=== Provided data ===

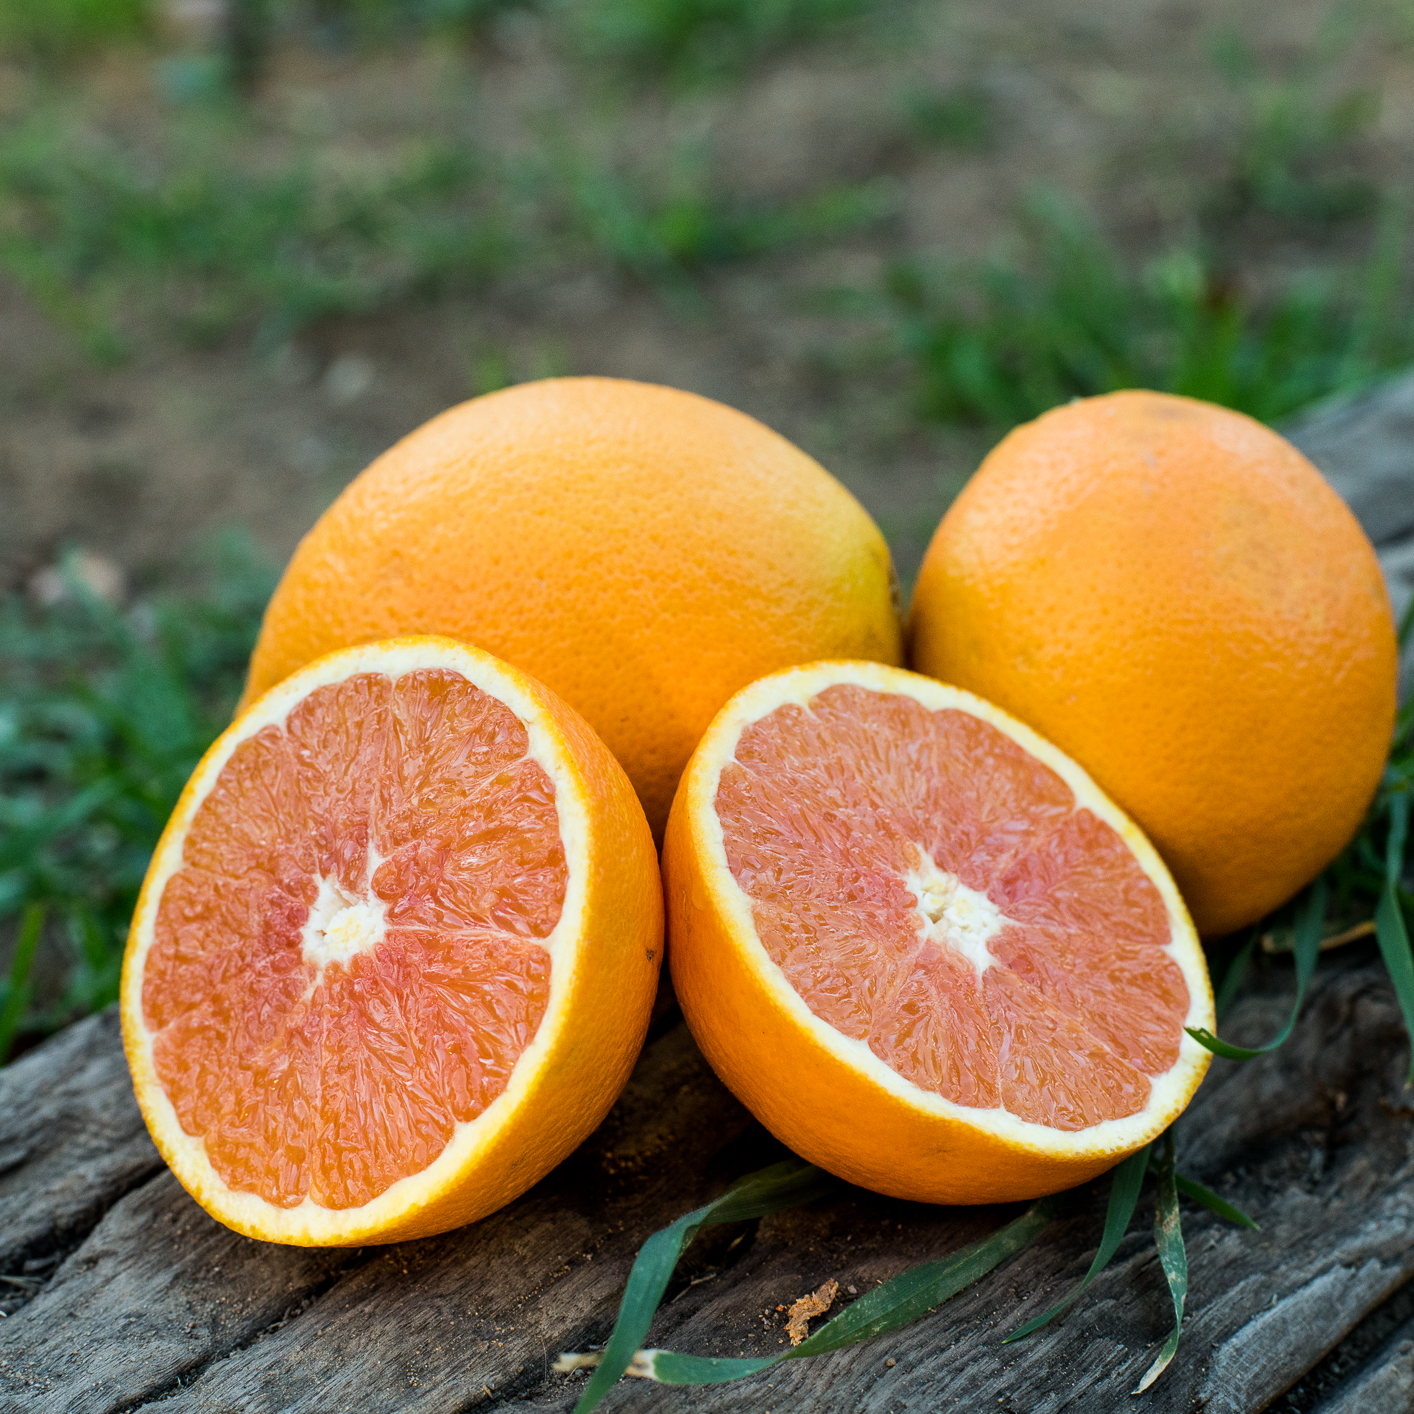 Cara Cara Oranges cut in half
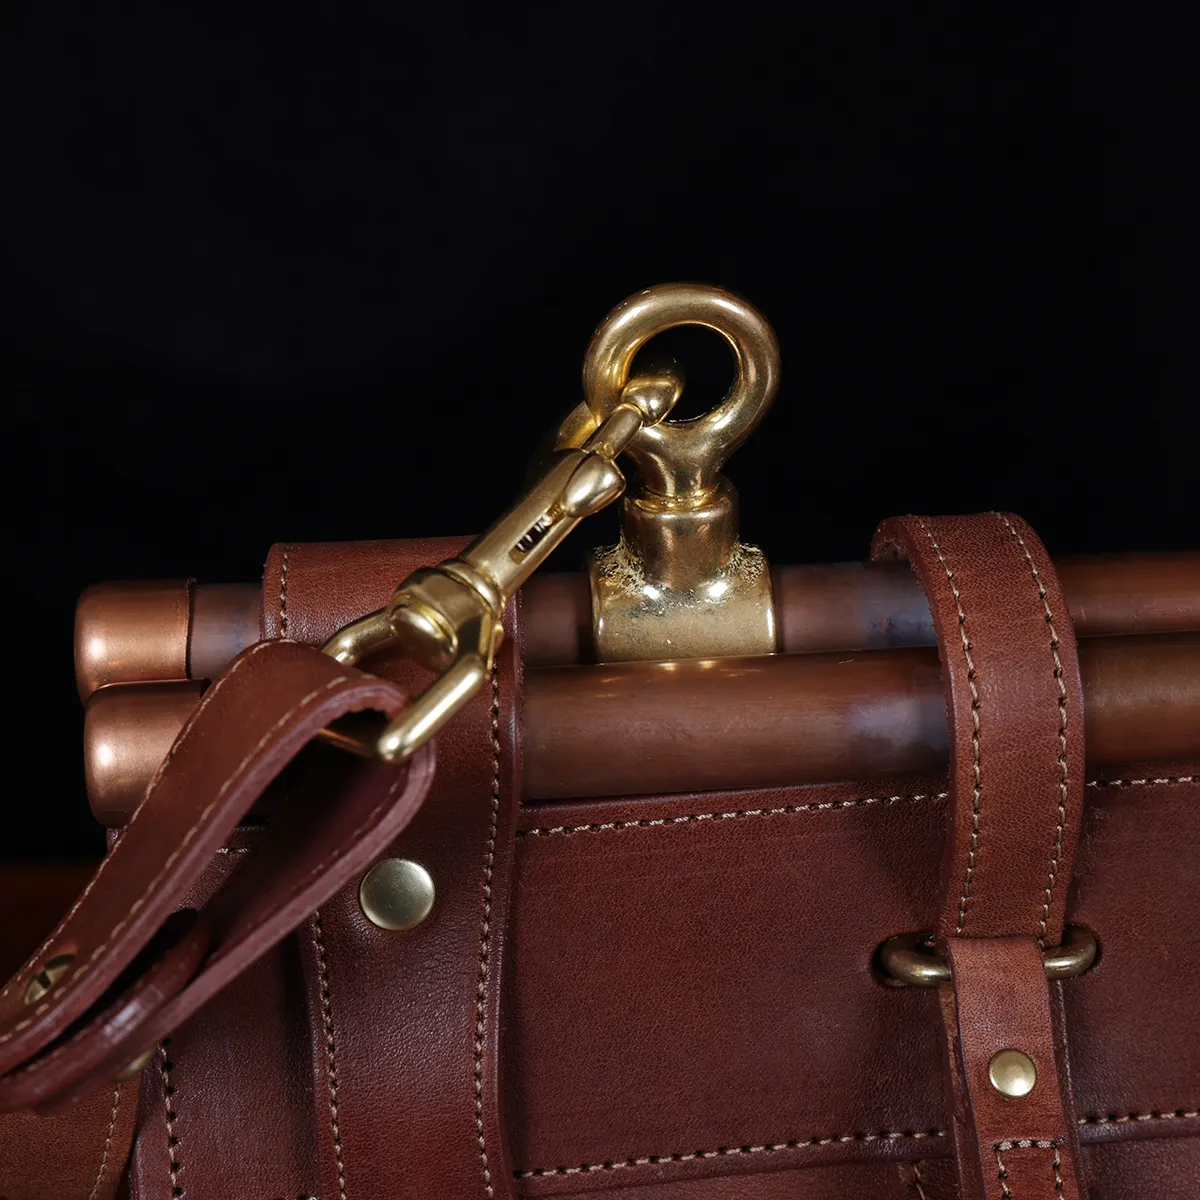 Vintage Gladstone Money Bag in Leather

===
=== Provided data ===

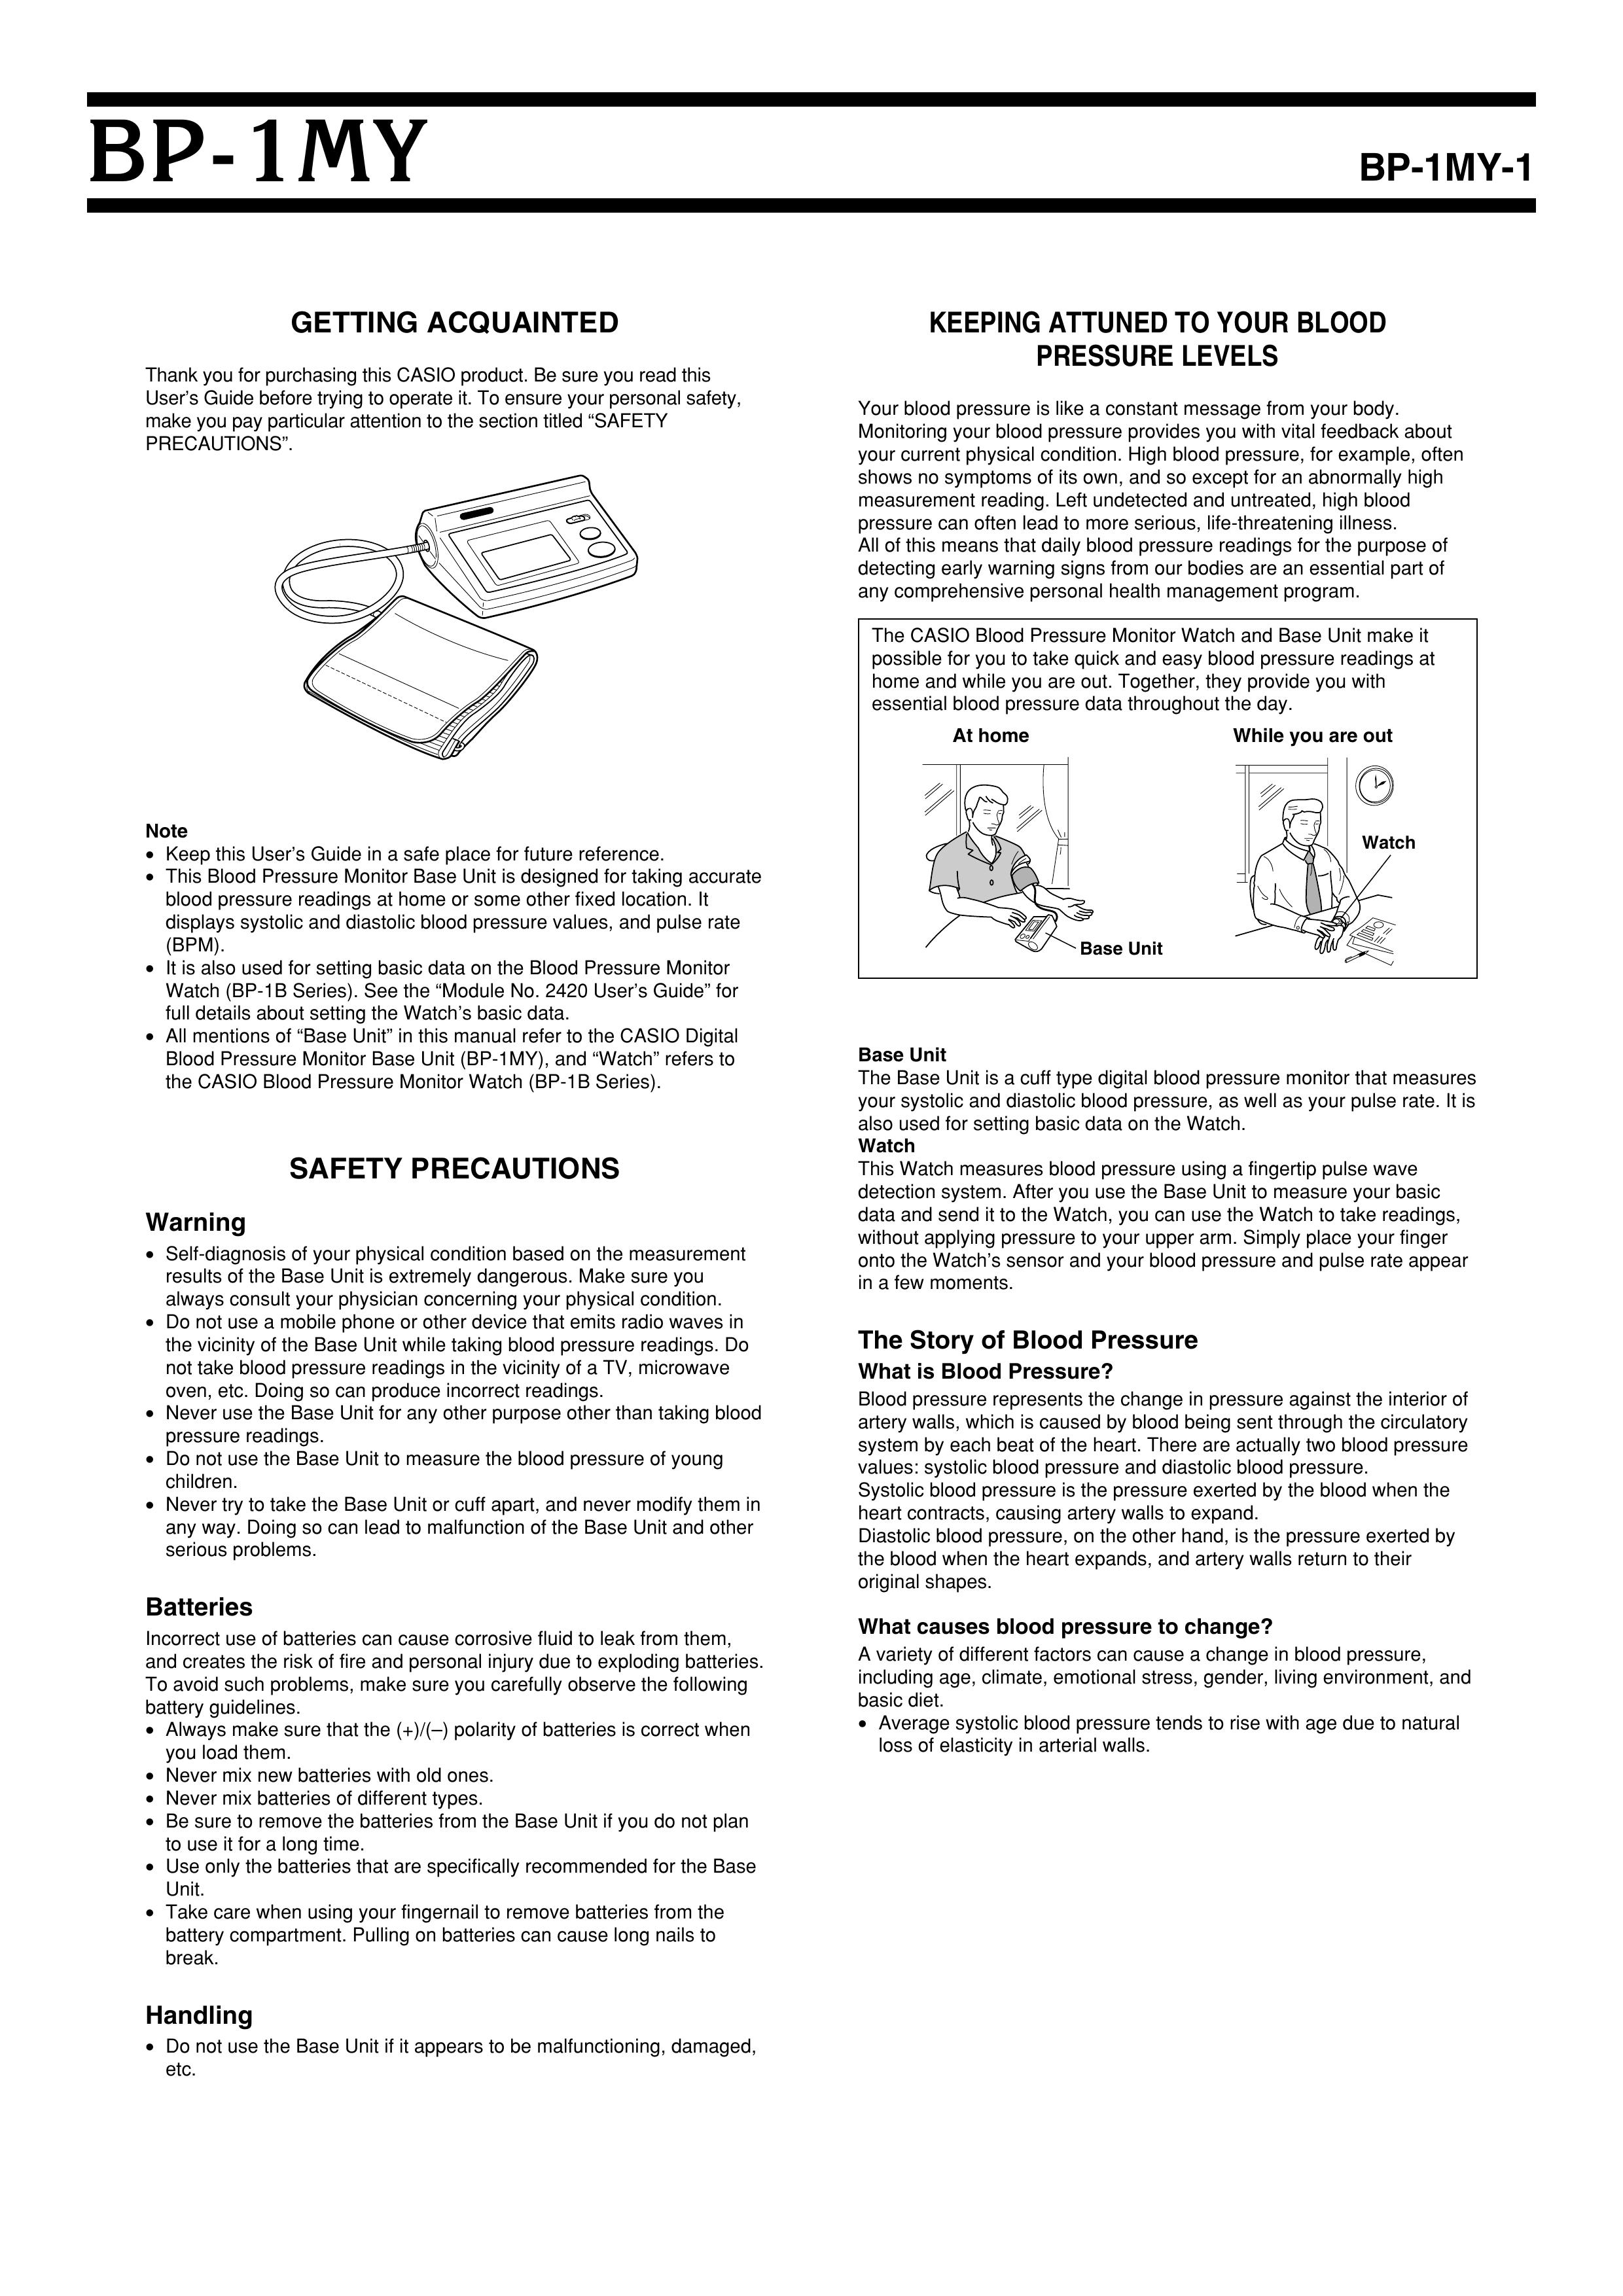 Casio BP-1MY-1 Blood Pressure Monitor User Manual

===
=== Provided data ===

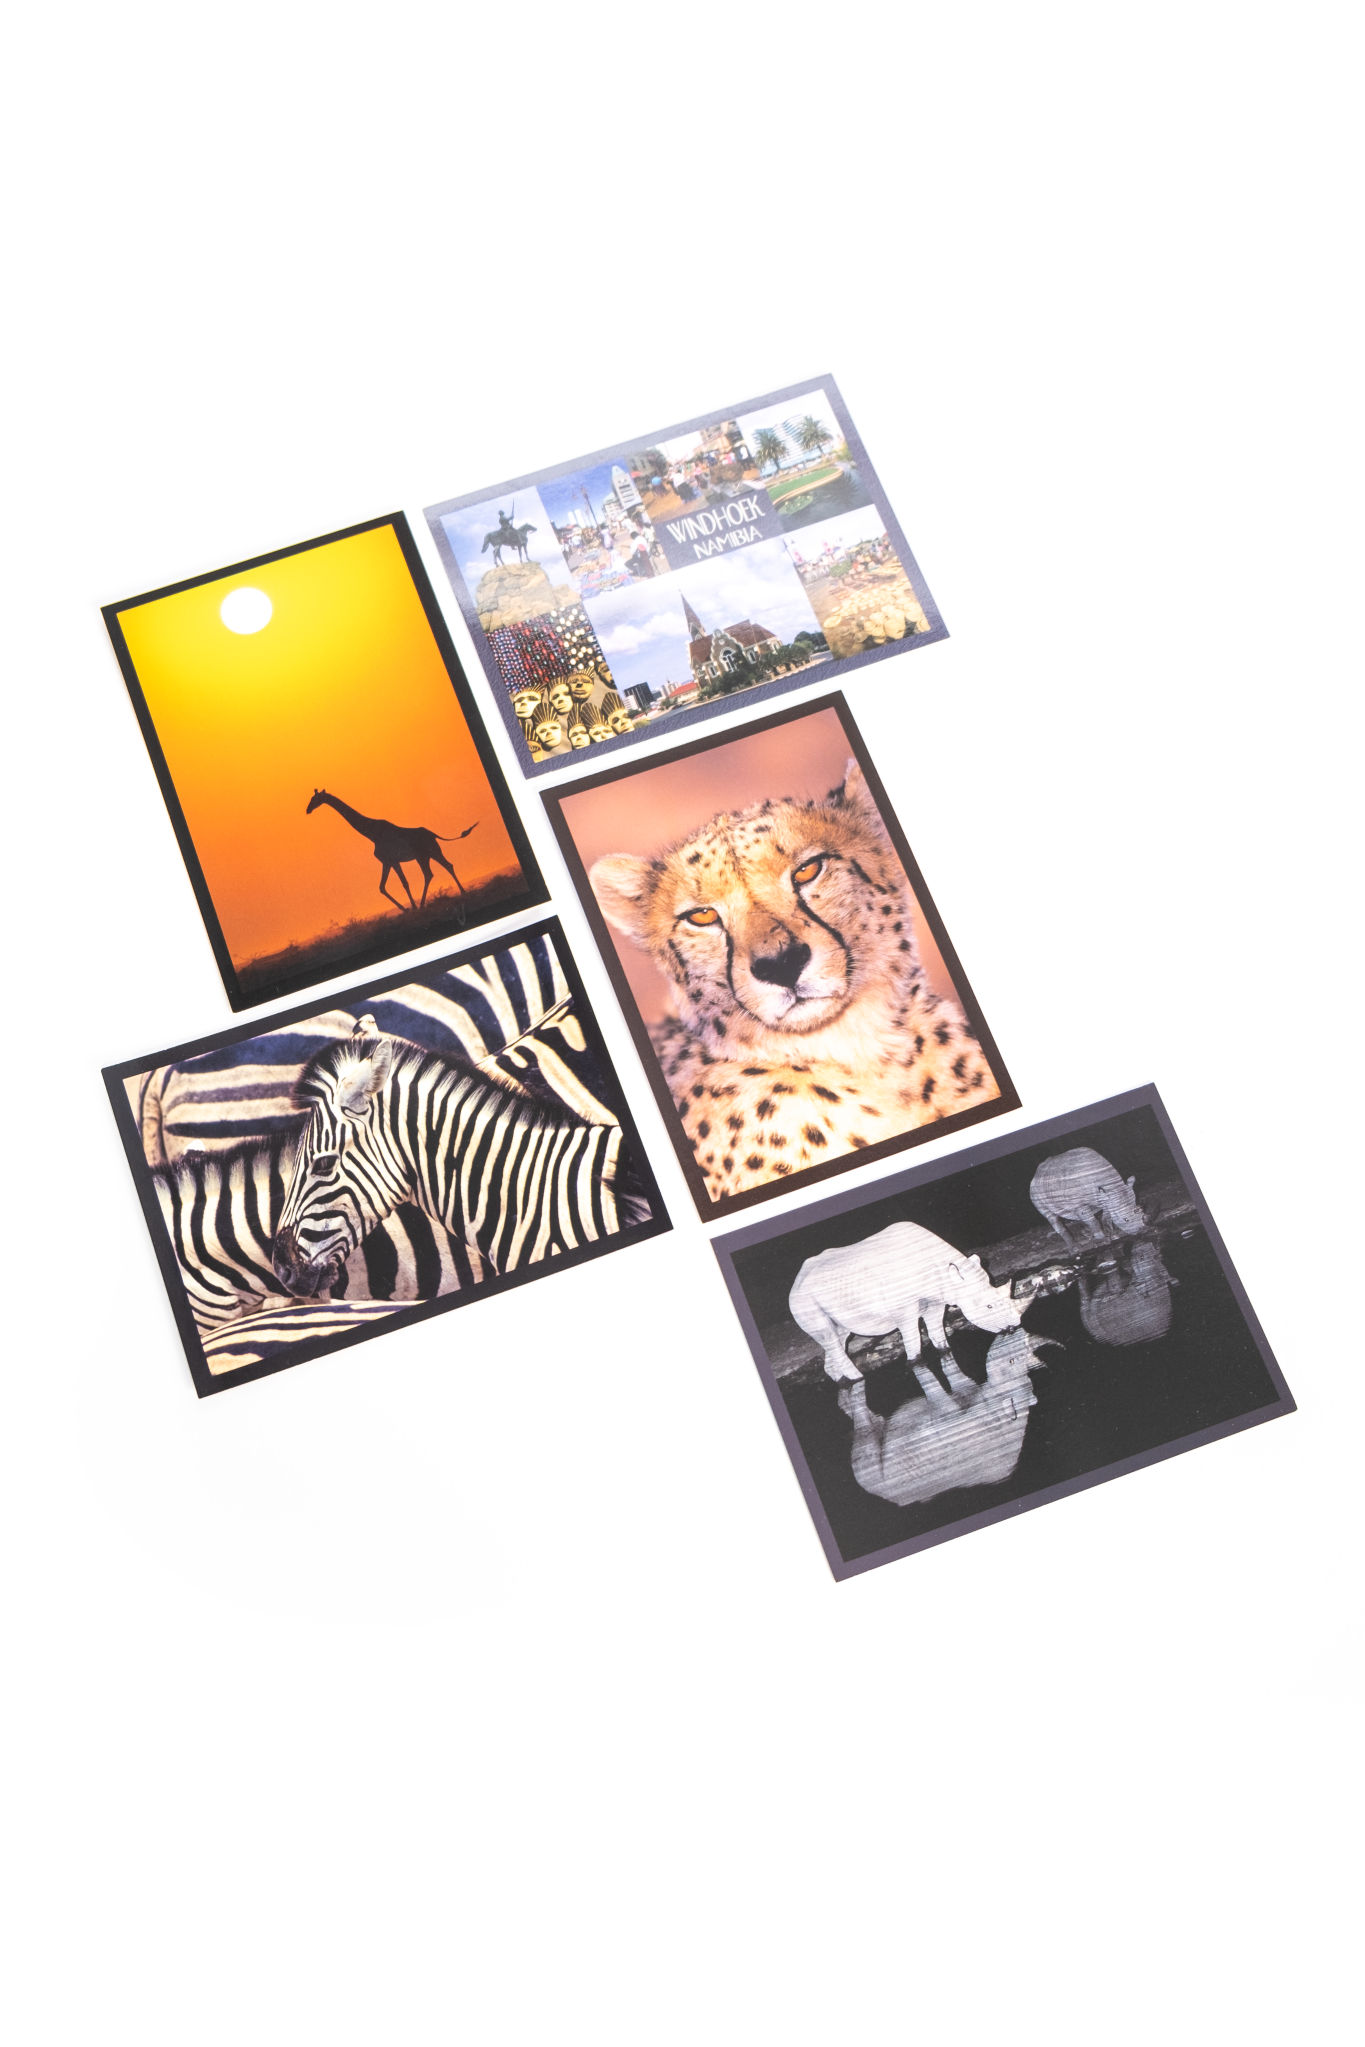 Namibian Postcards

===

Please copy the lines above exactly, starting at the line that holds "Cara Cara Oranges cut in half" and ending at the line that holds "Vintage Gladstone Money Bag in Leather"; include both, but no pictures.

**Answer section**
 Cara Cara Oranges cut in half
 Vintage Gladstone Money Bag in Leather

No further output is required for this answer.